The truth is, fat is a complex issue that we’re only beginning to understand scientifically. Only
15% of diets are successful right now. We’re learning that
the body works to put back on weight after it has lost it. Once your body has lost weight, it learns to use calories much more efficiently, in the attempt to put back on the weight. A person who has never dieted can consume more calories to maintain weight than a person who has dieted. We’re also learning that there are dozens of genetic variations associated with body size. We’re learning that our bodies’ response to
artificial sweeteners is much more complex than the “
zero calories” they were sold to us as being. The moral here is that even when fat people have been trying to make a healthy switch, it's not always as simple as it seems. Fat is a complex issue, and dieting is more complex than simply "

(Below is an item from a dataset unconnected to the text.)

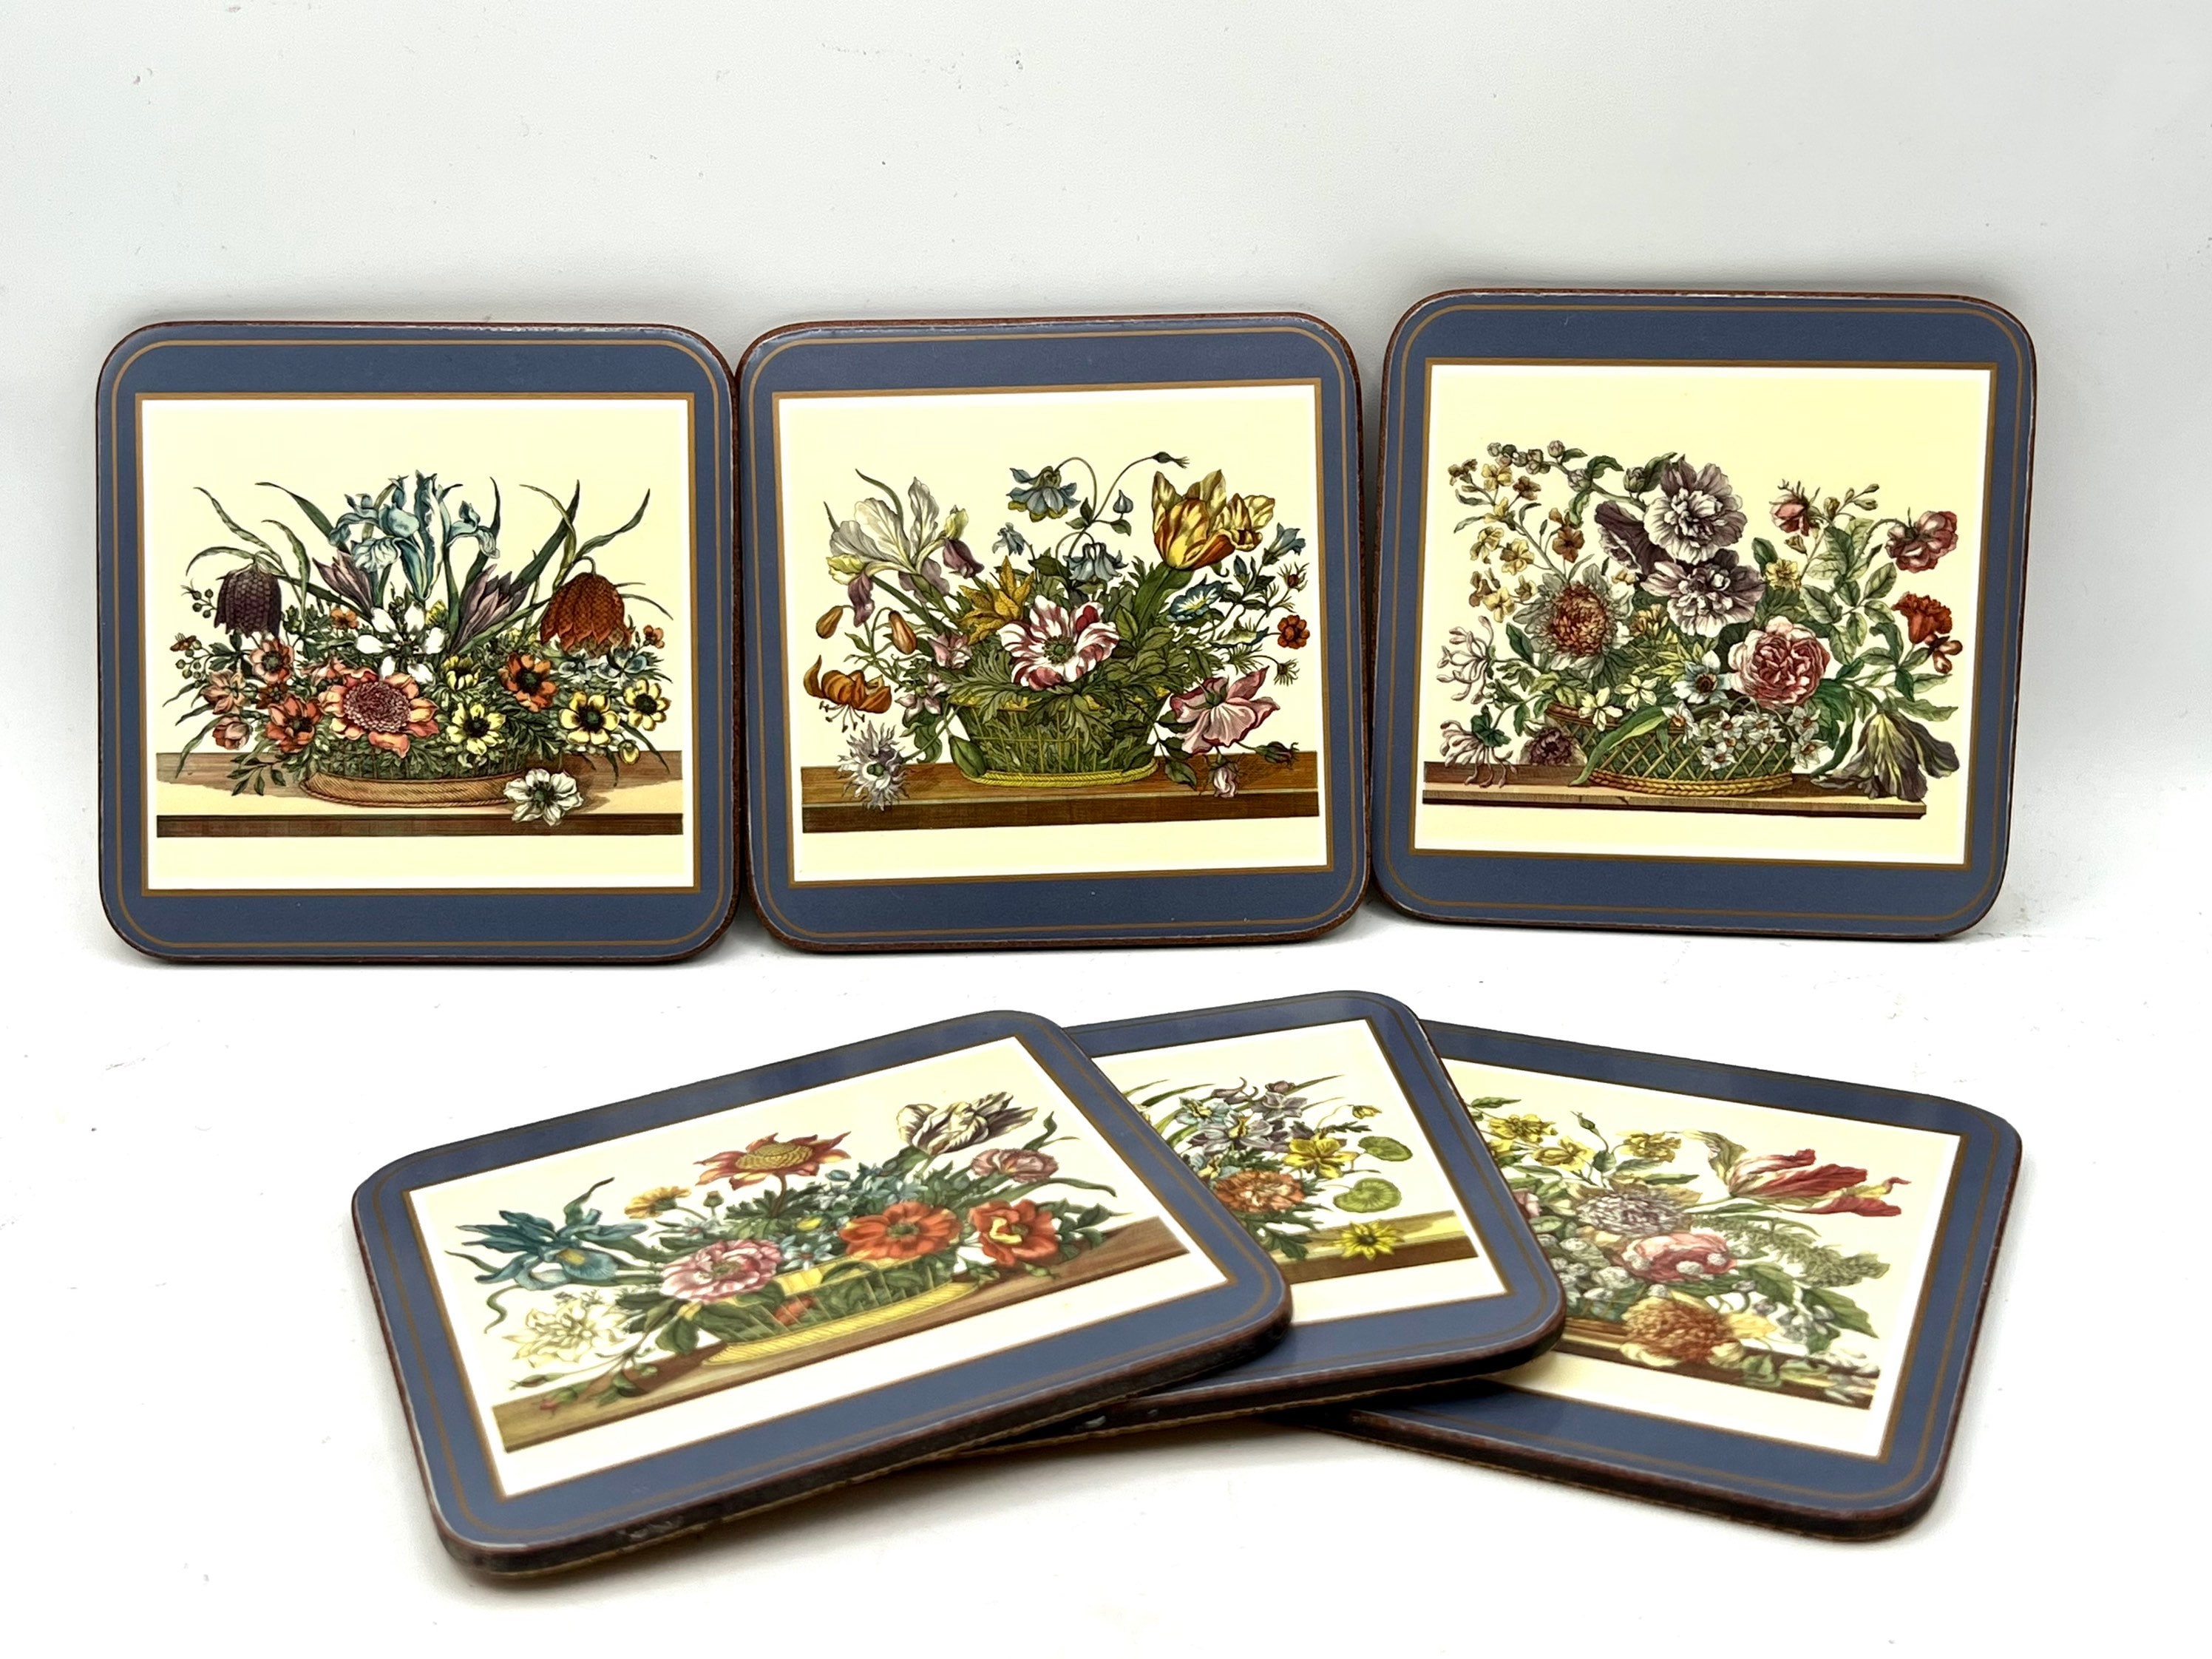 Pimpernel Classic Coasters Set of 6 - Cream

calories in, calories out."
I think every fat person in this society has felt the pain of thousands of
microaggressions. We get them every time we open a magazine or turn on the television to find another "hilarious" TV show making yet another
fat joke. This is liveable -- we live with it constantly. But what needs to change is how we respond to individuals in our lives -- our parents, children, siblings, relatives, friends, coworkers. What needs to change is how we respond in our liberal religious communities as well. So far, my experience of our response has been that we see fat people among us as an "issue" to be addressed, and the mode for addressing it is to complain or shame. How could our response be different?
When I was a new minister, a complaint came to my committee on ministry, and the complaint was that I was fat. I think there were some surrounding words about how this would make the congregation look bad, because there were negative stereotypes about fat people. "There are positive stereotypes, too," I responded. "What are they?" I was asked, as I recall. I talked about how fat people are seen as "jolly" (i.e. Santa), as goddess-like (when female), as friendly and approachable. Fat people being seen as asexual could even been a benefit in the ministry, arguably. All of these "positive" stereotypes are still stereotypes and no more real than the negative ones, of course. But mostly, I said, in seeing a fat minister, other fat people might see themselves as welcomed, as valued, and as acceptable to our community.
That's the vision I hold out -- fat people could walk into your sanctuary and know instantly that they are welcomed in your church. What would it take to make that a reality? What signals might be sending the opposite message? How can they be addressed? It's time for more Unitarian Universalists to take up this question -- to preach it, to teach it, and to live it.